■ Task to complete ■
In the entries below, find the line with "Фото Большой чемодан" and the line with "фото Клинкерная плитка", then retype both and everything between them exactly. Do not copy the pictures.

(The data begins)

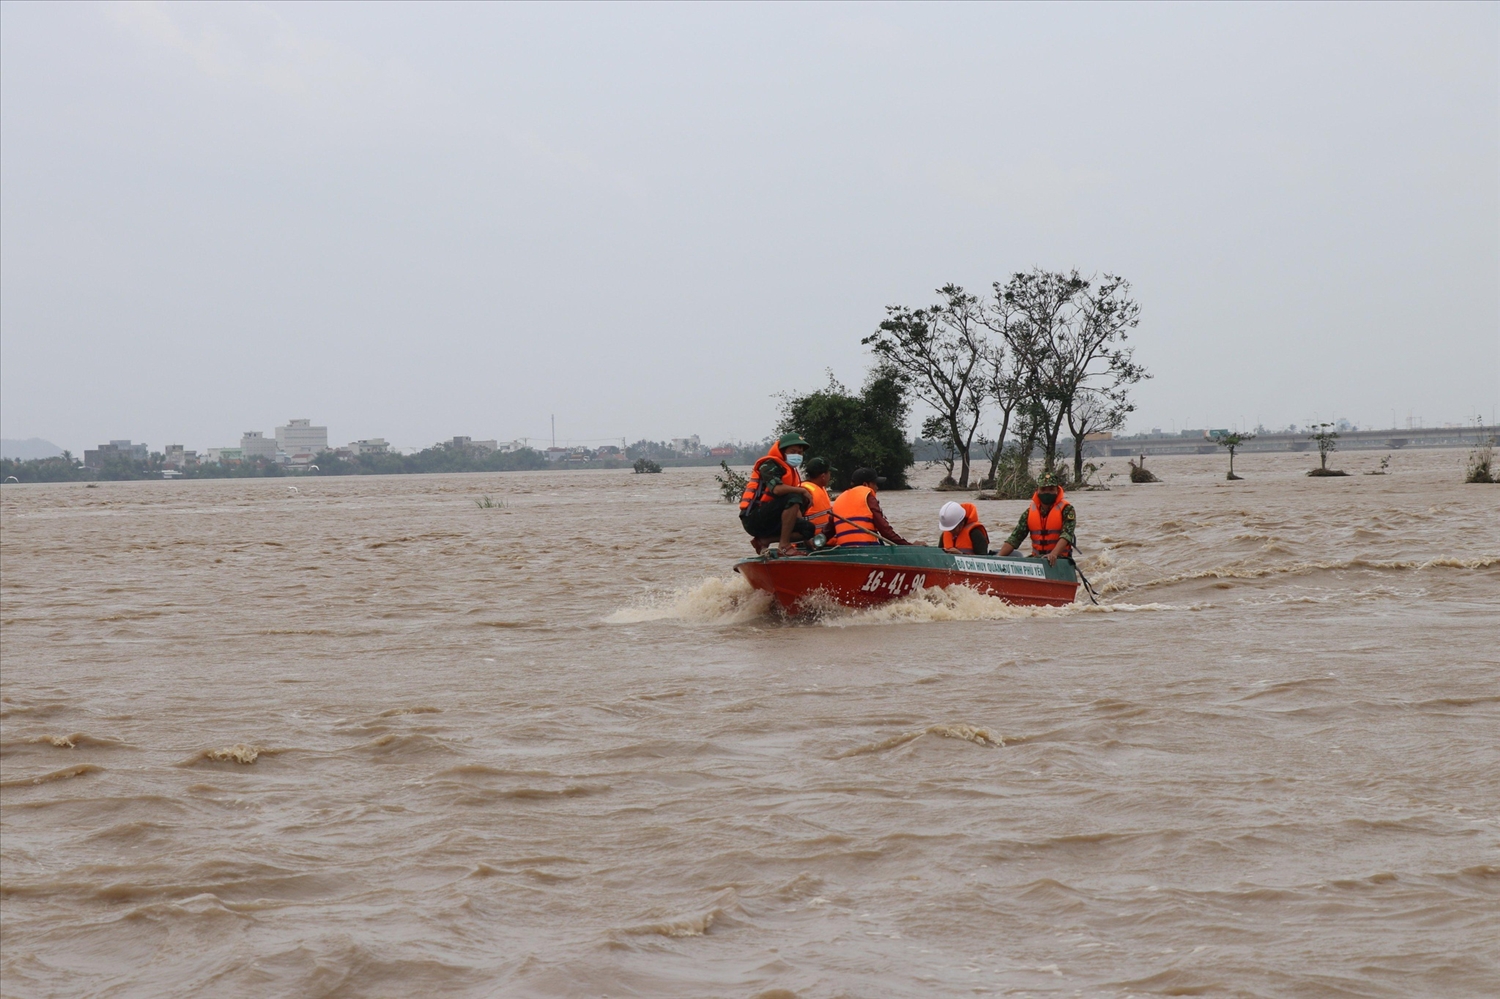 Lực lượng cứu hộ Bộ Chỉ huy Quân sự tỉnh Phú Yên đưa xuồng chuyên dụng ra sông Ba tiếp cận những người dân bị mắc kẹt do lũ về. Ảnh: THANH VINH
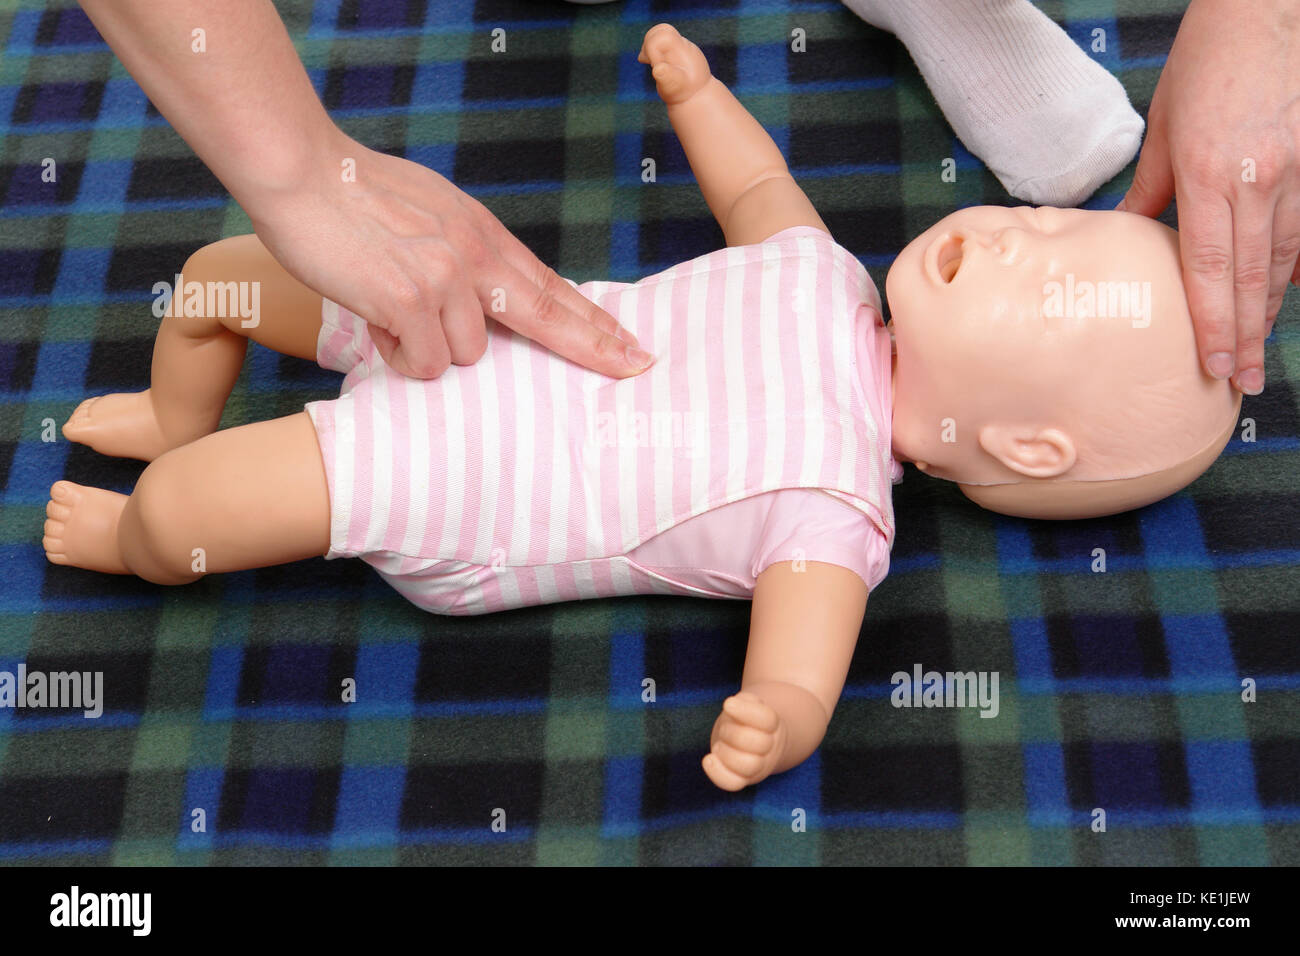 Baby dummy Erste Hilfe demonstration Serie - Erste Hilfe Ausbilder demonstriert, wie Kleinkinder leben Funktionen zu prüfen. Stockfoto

(The data ends)
(The data begins)

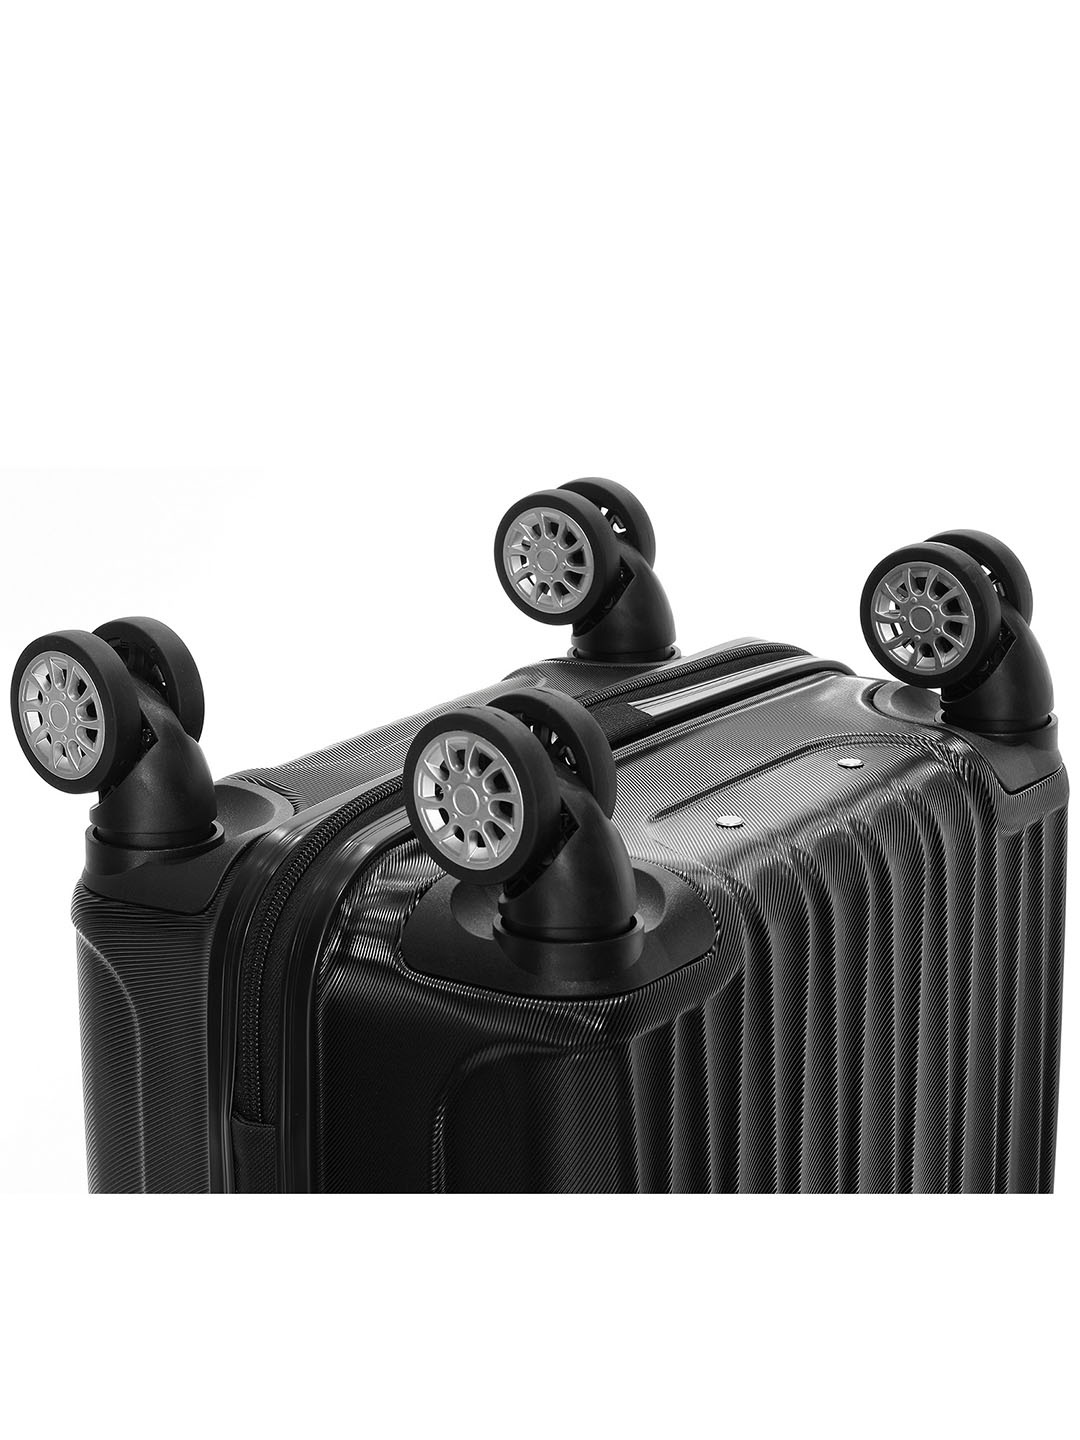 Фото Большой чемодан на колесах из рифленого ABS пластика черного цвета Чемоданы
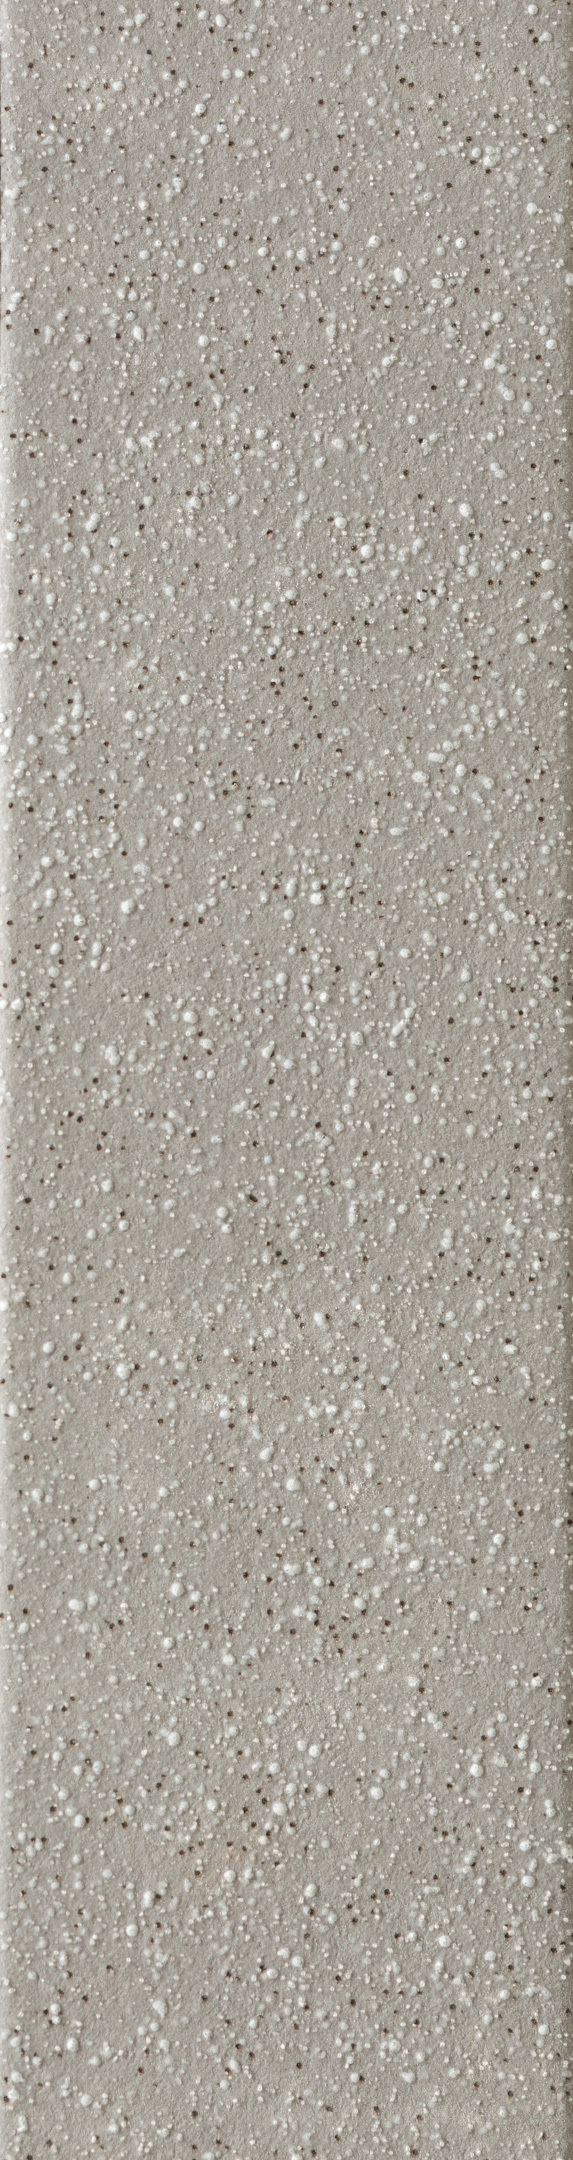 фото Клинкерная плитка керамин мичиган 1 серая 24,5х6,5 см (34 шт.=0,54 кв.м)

(The data ends)

■ Response to the task ■
 Фото Большой чемодан на колесах из рифленого ABS пластика черного цвета Чемоданы
 фото Клинкерная плитка керамин мичиган 1 серая 24,5х6,5 см (34 шт.=0,54 кв.м)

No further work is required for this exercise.